Expected output on a clean batch is an empty quarantined list; any entry names the exact field and rule that failed, which is the first line of the validation report an auditor or on-call reads.

Step 2 — Resolve references against the live catalog

A structurally valid tuple can still be a lie: it may name a grantee that was dropped or an object that was renamed between the parser’s read and this check. The second gate confirms every tuple’s grantee and object resolve in the live catalog. On PostgreSQL, one round trip against pg_roles validates the entire grantee set:

-- Which of the extracted grantees still exist as real roles?
SELECT rolname
FROM   pg_roles
WHERE  rolname = ANY($1::text[]);   -- $1 = distinct grantees from the batch

The Python side diffs the returned set against the batch’s grantees; anything missing is a dangling reference — the exact signature of a role renamed or dropped mid-extraction — and is quarantined rather than diffed:

import psycopg

def resolve_grantees(dsn: str, grants: list[ValidatedGrant]
                     ) -> tuple[list[ValidatedGrant], list[dict]]:
    wanted = sorted({g.grantee for g in grants})
    with psycopg.connect(dsn, autocommit=True) as conn:
        with conn.cursor() as cur:
            cur.execute("SET default_transaction_read_only = on")
            cur.execute("SELECT rolname FROM pg_roles WHERE rolname = ANY(%s)",
                        (wanted,))
            live = {r[0] for r in cur.fetchall()}
    resolved, dangling = [], []
    for g in grants:
        if g.grantee in live:
            resolved.append(g)
        else:
            dangling.append({"row": g.model_dump(mode="json"),
                             "stage": "referential",
                             "reason": f"grantee {g.grantee!r} not in pg_roles"})
    return resolved, dangling

On MySQL the same check reads mysql.user (and mysql.role_edges for role-only identities), matching on the user@host pair that the adapter normalized into grantee. A dangling reference is not always an error — a role legitimately dropped between runs should disappear from the matrix — so this stage distinguishes a grantee that vanished (drop it from the matrix, note it in the report) from an object that vanished mid-read (a genuine schema-evolution event). Handling that second, harder case — a table dropped or a schema renamed while the extractor is still walking it — is worked through end to end in Handling schema drift during catalog extraction.

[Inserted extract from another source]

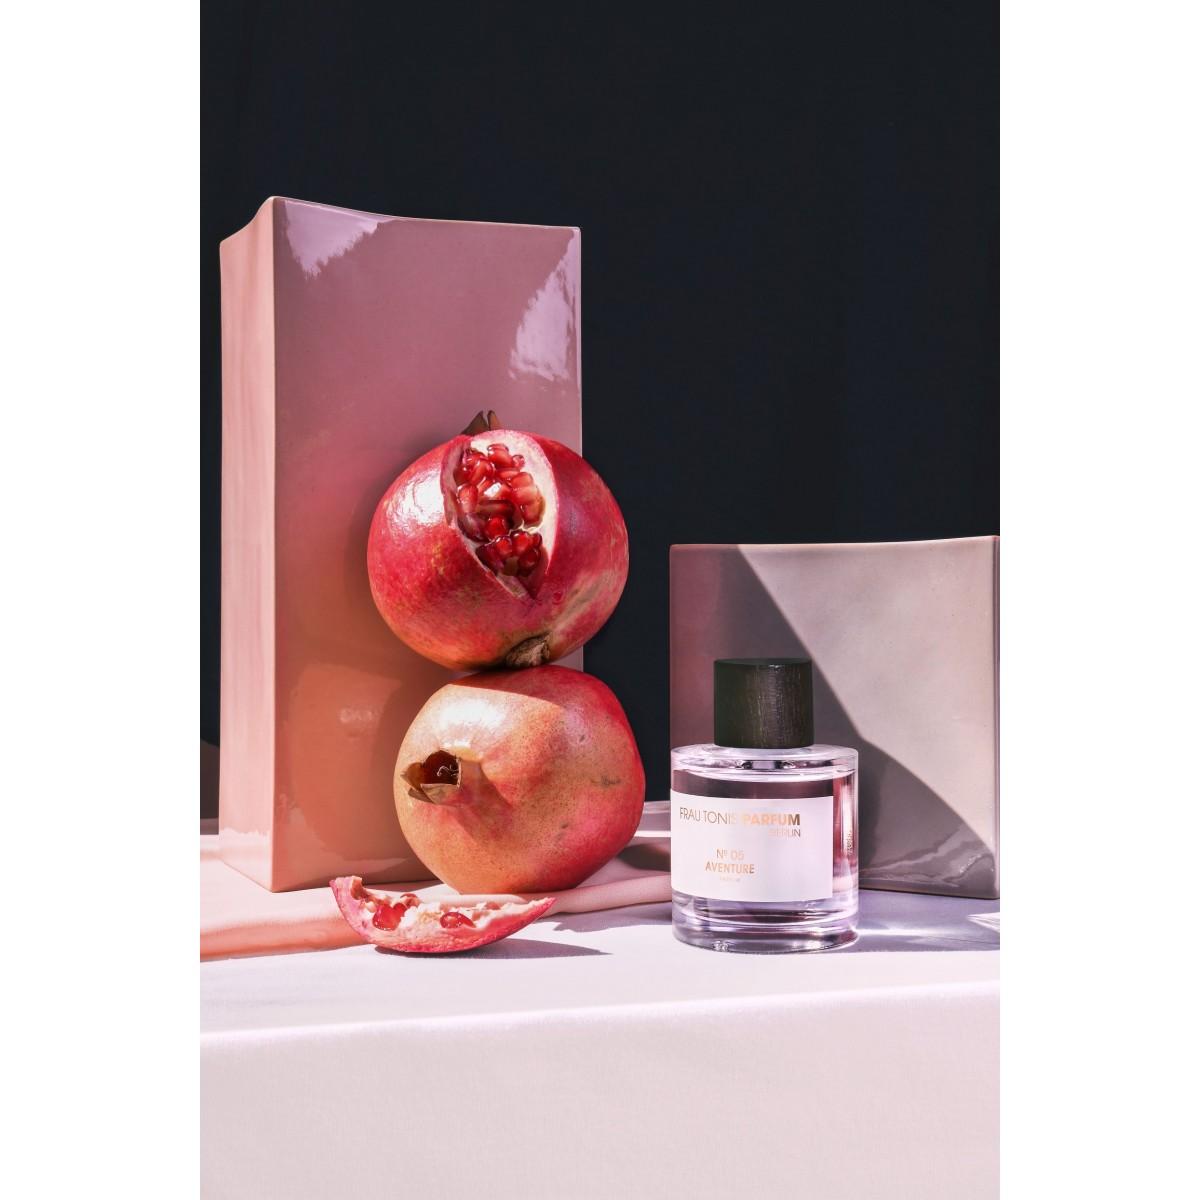 No. 05 Aventure | Parfum Intense (100ml) by Frau Tonis Parfum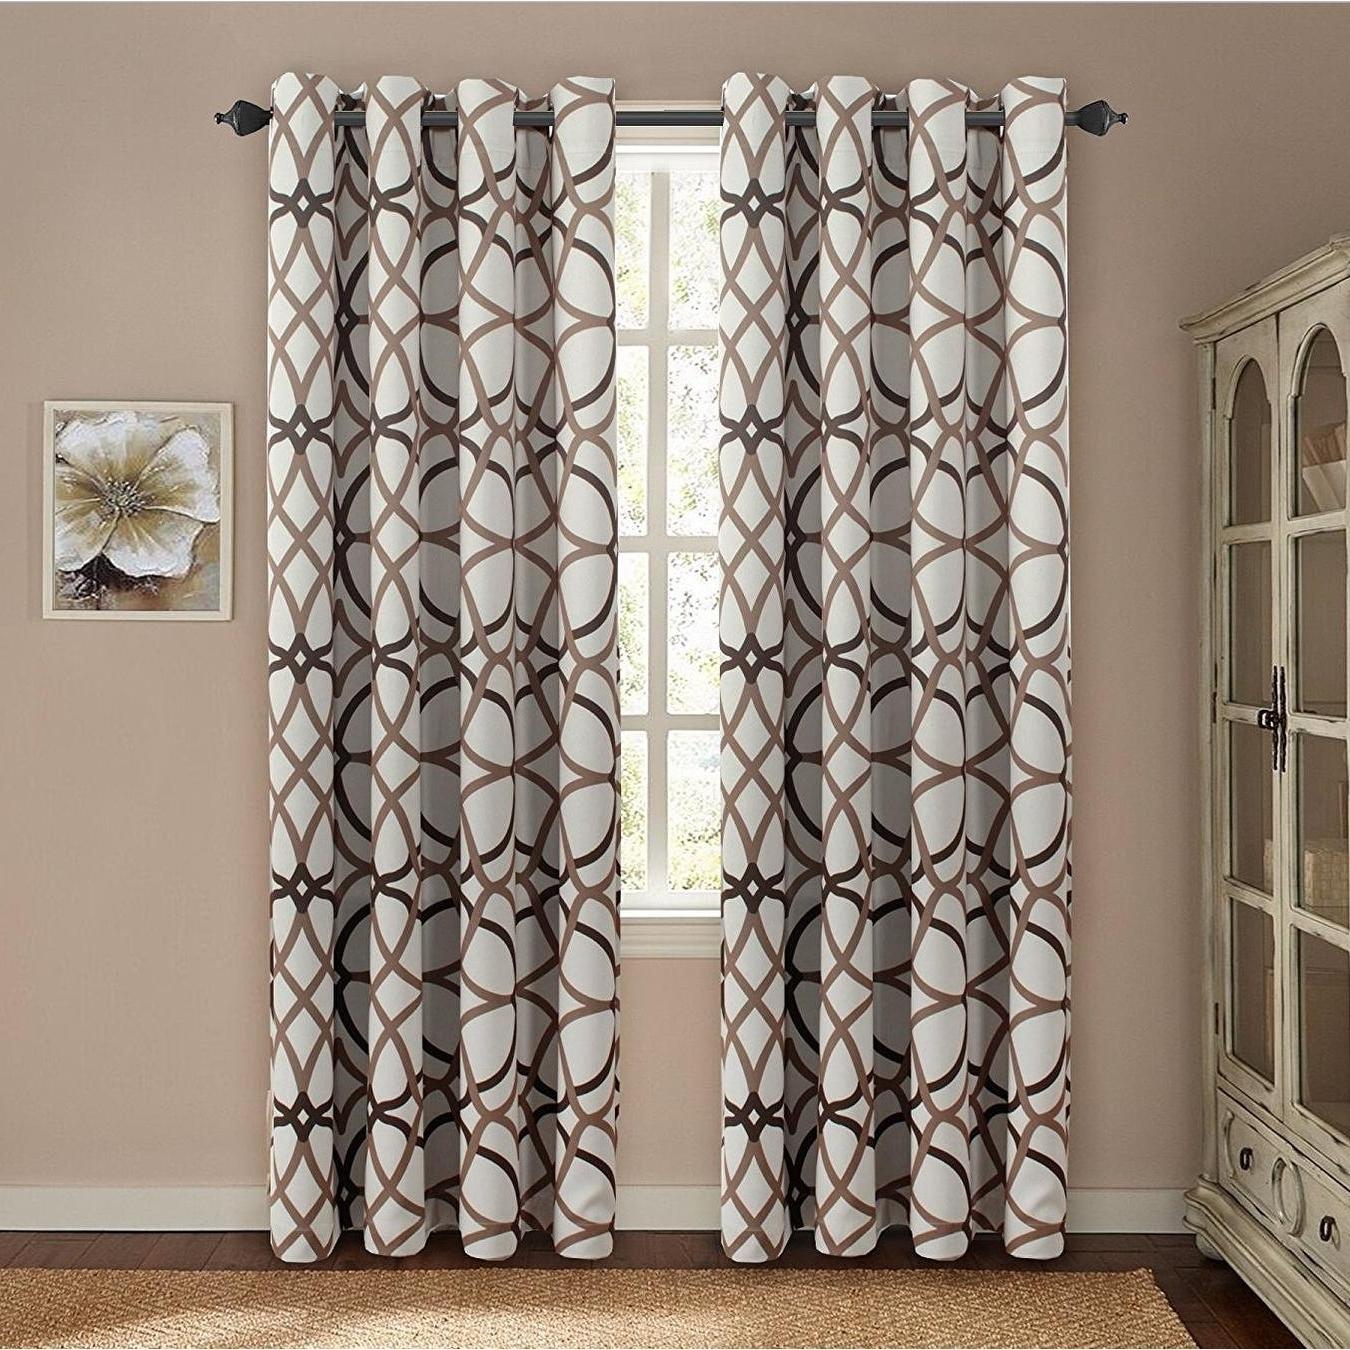 Primebeau Geometric Pattern Blackout Curtain Pair 2 Pack Regarding 2020 Primebeau Geometric Pattern Blackout Curtain Pairs (View 3 of 20)

Step 3 — Enforce the completeness, determinism, and provenance invariants

The third gate checks properties of the batch as a whole, not individual rows. Completeness: every target on the roster must have contributed at least the roles the membership graph implies, so a grant reaching a user through a two-hop role chain is present as a tuple. Determinism: no field that varies between two runs of an unchanged database may appear in the identity key. Provenance: every tuple carries a source_catalog. The membership-expansion check is the one most often skipped and the most dangerous to skip — an object grant read without expanding pg_auth_members looks complete and audits clean while hiding inherited access.

from dataclasses import dataclass

@dataclass(frozen=True)
class InvariantReport:
    complete: bool
    deterministic: bool
    has_provenance: bool
    missing_membership: frozenset[tuple[str, str]]  # (member, granted_role)

def check_invariants(grants: list[ValidatedGrant],
                     membership_edges: set[tuple[str, str]],
                     ) -> InvariantReport:
    # Provenance: every tuple must name the catalog view it came from.
    has_provenance = all(g.source_catalog for g in grants)

    # Determinism: identity keys must be unique — a duplicate means a
    # non-identity field (e.g. a timestamp) leaked into the key.
    ids = [g.identity() for g in grants]
    deterministic = len(ids) == len(set(ids))

    # Completeness: every membership edge must be represented so inherited
    # privilege is materialized, not silently dropped.
    grantees_seen = {g.grantee for g in grants}
    missing = {(m, r) for (m, r) in membership_edges if m not in grantees_seen}

    return InvariantReport(
        complete=not missing,
        deterministic=deterministic,
        has_provenance=has_provenance,
        missing_membership=frozenset(missing),
    )

The membership_edges set comes straight from pg_auth_members (or mysql.role_edges), and the flattening of those edges into effective grants follows the propagation rules in Role Hierarchy Design; the reduction of a raw grant to its effective, inheritance-resolved form is the same normalization formalized in Privilege Scope Mapping. If any invariant fails, the pipeline does not publish — it emits the report and stops, because a batch that violates completeness or determinism will manufacture drift on the next diff.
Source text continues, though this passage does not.